No Iran crisis in 1979

Approaching the 30th anniversary of the Iran hostage crisis, let's put a new TL...Suppose American embassy workers were not taken hostage in 1979.

This crisis really grabbed much of Carter's attention. Without this crisis, he would likely still lose to Reagan in 1980 but not as badly....
 

MacCaulay

Banned
Carter had more or less accepted the new government, and the Ayatollah had accepted having the US in Teheran. They were even beginning to approach each other about the pressing (for the Iranians) issue of spare parts for the F-14s.

The US really was willing to be friends with whatever government was in Iran, as long as the border radar posts peering into the Soviet Union were kept functioning and the Iranian Air Force kept going with it's overflights and tit-for-tat challenges of Soviet MiG-25s. These were important field tests of American equipment, and when the Revolution came, America lost alot of intelligence into the missile testing and strategic bomber basing that went on in the central USSR.
 

MacCaulay

Banned
In other words, if the hostage crisis hadn't happened the ayatollah and the US could have become uneasy allies.

Well, they wouldn't have been like the US and Canada, but they wouldn't have been like they are today, so Yes. They just would've been one more in a long line of countries we get along with out of necessity, kind of like Pakistan.
 
Actually really the only thing that really precipitated the hostage crisis and enmity with the US during the Islamic Revolution in Iran was the following:

"On October 22, 1979, at the request of David Rockefeller, President Jimmy Carter reluctantly allowed the Shah into the United States to undergo surgical treatment at the New York Hospital It was anticipated that his stay in the U.S. would be short; however, surgical complications ensued which required six weeks of confinement in the hospital before he recovered. His prolonged stay in the U.S. was extremely unpopular with the revolutionary movement in Iran, which still resented the United States' overthrow of Prime Minister Mosaddeq and the years of support for the Shah's rule. The Iranian government demanded his return to Iran to stand trial but the U.S. government refused to turn him over" -- from a wikipedia article on the Shah.

If we'd have pretty much thrown the Shah under the bus, things might have gone very different. Basically Carter not sitting on his hands waiting and basically telling Brezinski to go fuck himself since Brezinski was pretty much wanting to go on a full scale invasion of Iran to re-install the Shah.We probably would have had a continuing relationship with Iran much like we do with the Saudis.

IIRC as a side note, once things got really torqued up there was some wavering on which embassy to take; Believe it or not, Ahmadenijad (who was one of the hostage takers at the time) was more for going after the USSR embassy than the US embassy. Interesting POD if they decided to take the USSR embassy instead of the US.
 
Presumably the Shah dying (of natural or other causes) before reaching the US is a possibility, and if that were the hostage taker's motive....
 
Another possibility would have been for the Shah to have turned power over to his son 6 months to a year earlier.
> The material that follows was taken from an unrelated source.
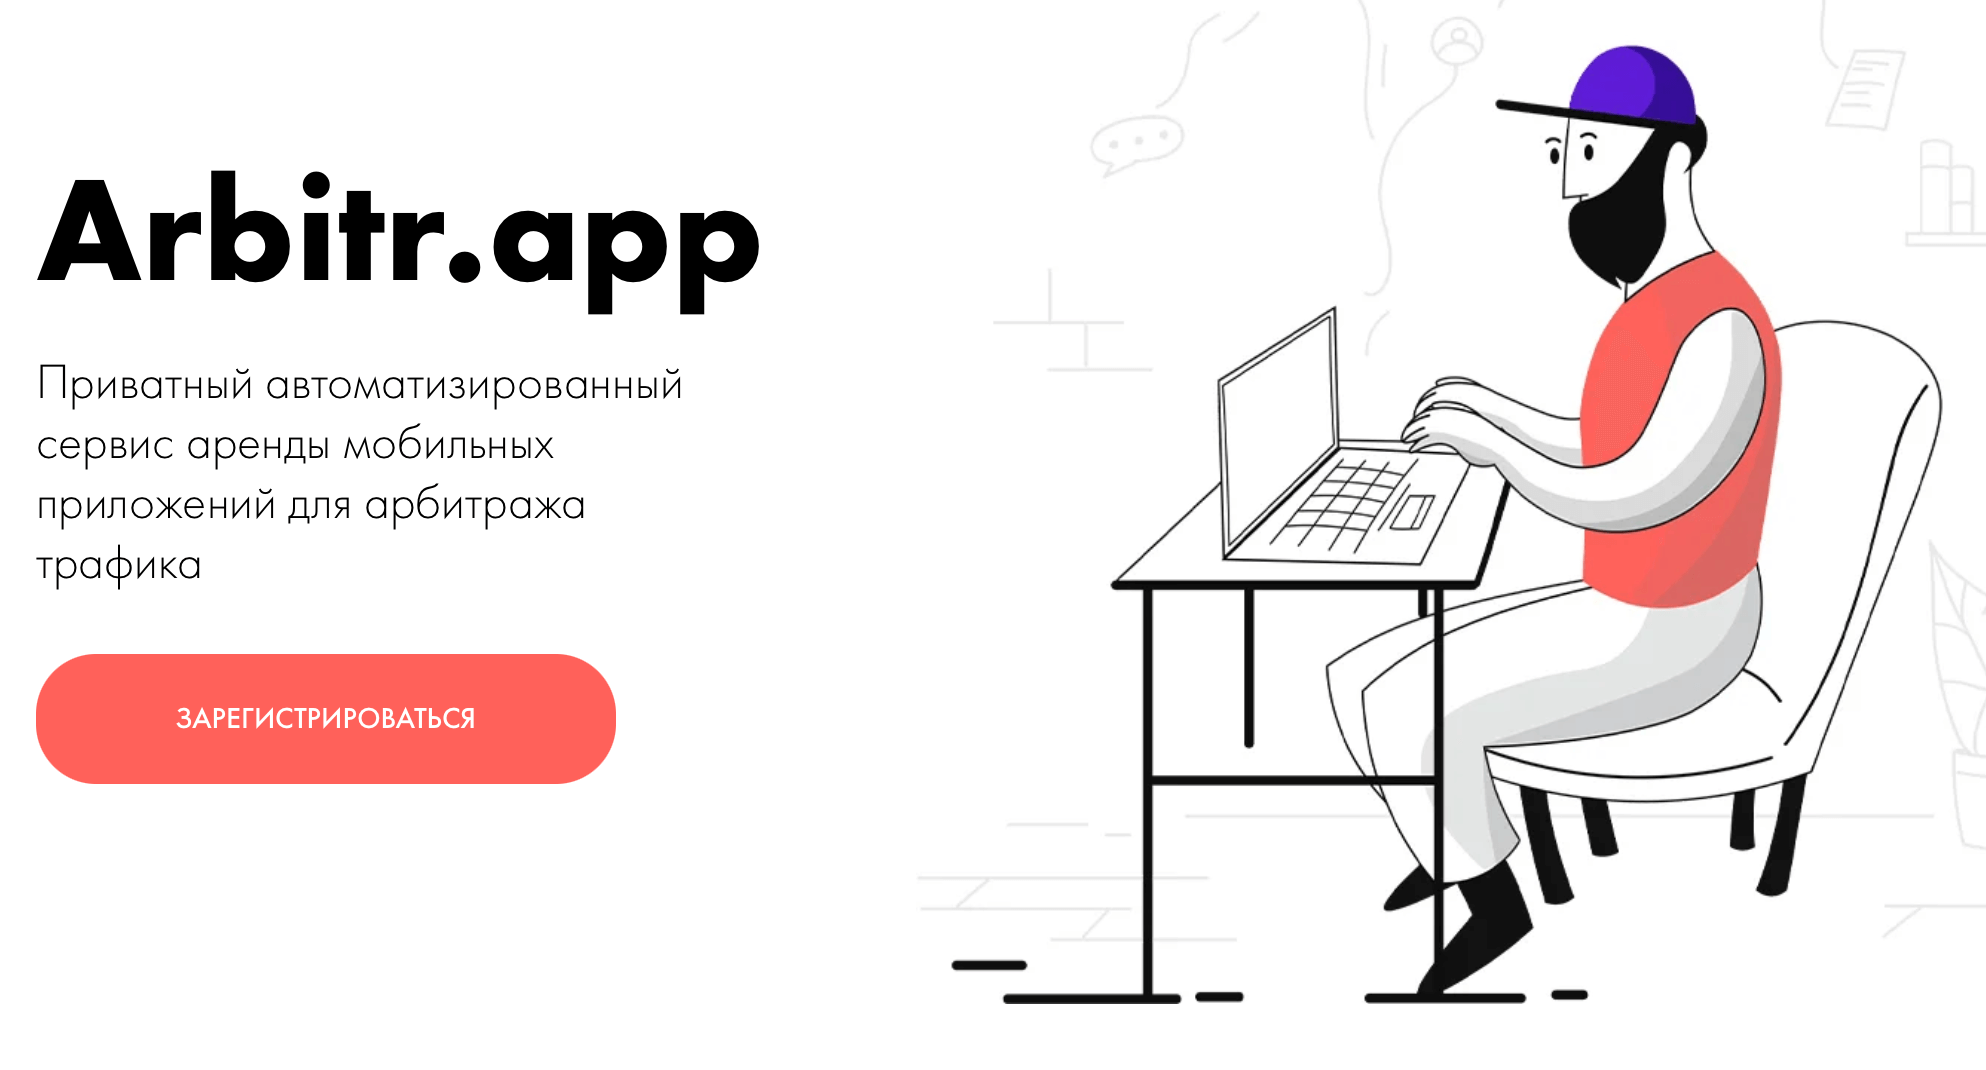 Arbittr.app аренда приложений

There was the possibility that the Crown Prince could have rallied the Bazaar ( merchant class) and the President listen to his Secretary of Defense and CIA director and support the monarchy.

Carter made a lot of bad decisions. He would not have come closer to Reagan in the 1980 election because of his mishandling of the economy as well as Iran and other foreign policy disasters.
 
Presumably the Shah dying (of natural or other causes) before reaching the US is a possibility, and if that were the hostage taker's motive....

well, the Shah died while in the USA, and the students in the embassy changed their demands from return of the Shah to a big pile of money, essentially turning it into a kidnapping writ large. It's not inconceivable that the students would have stormed the embassy anyway, with money in mind...

I don't think the US and Iran would have become any kind of allies, uneasy or otherwise. The hostility of the Iranian people towards the US was deep at this time. They would have become as they did in OTL, a true third world nation, being allied neither with the west nor the communist states. Without the embassy kidnappings, Iran might have continued to be a seller of oil to the USA, and that would be about it...
 

MacCaulay

Banned
I don't think the US and Iran would have become any kind of allies, uneasy or otherwise. The hostility of the Iranian people towards the US was deep at this time. They would have become as they did in OTL, a true third world nation, being allied neither with the west nor the communist states. Without the embassy kidnappings, Iran might have continued to be a seller of oil to the USA, and that would be about it...

Well, it's in the definition of "allies." The Iranian government, especially in 1980, would have a lot of problems that only America was in a position to really help grease the wheels for.

And in 1979, prior to the hostage crisis but after the Revolution, the US was already trying to find ways to get the radar stations along the Soviet border back up and running in exchange for F-4 spare parts that the Iranians wanted.

Sure, we wouldn't be buddy's with them, but America's gotten in bed with a lot of dirtbags over the years.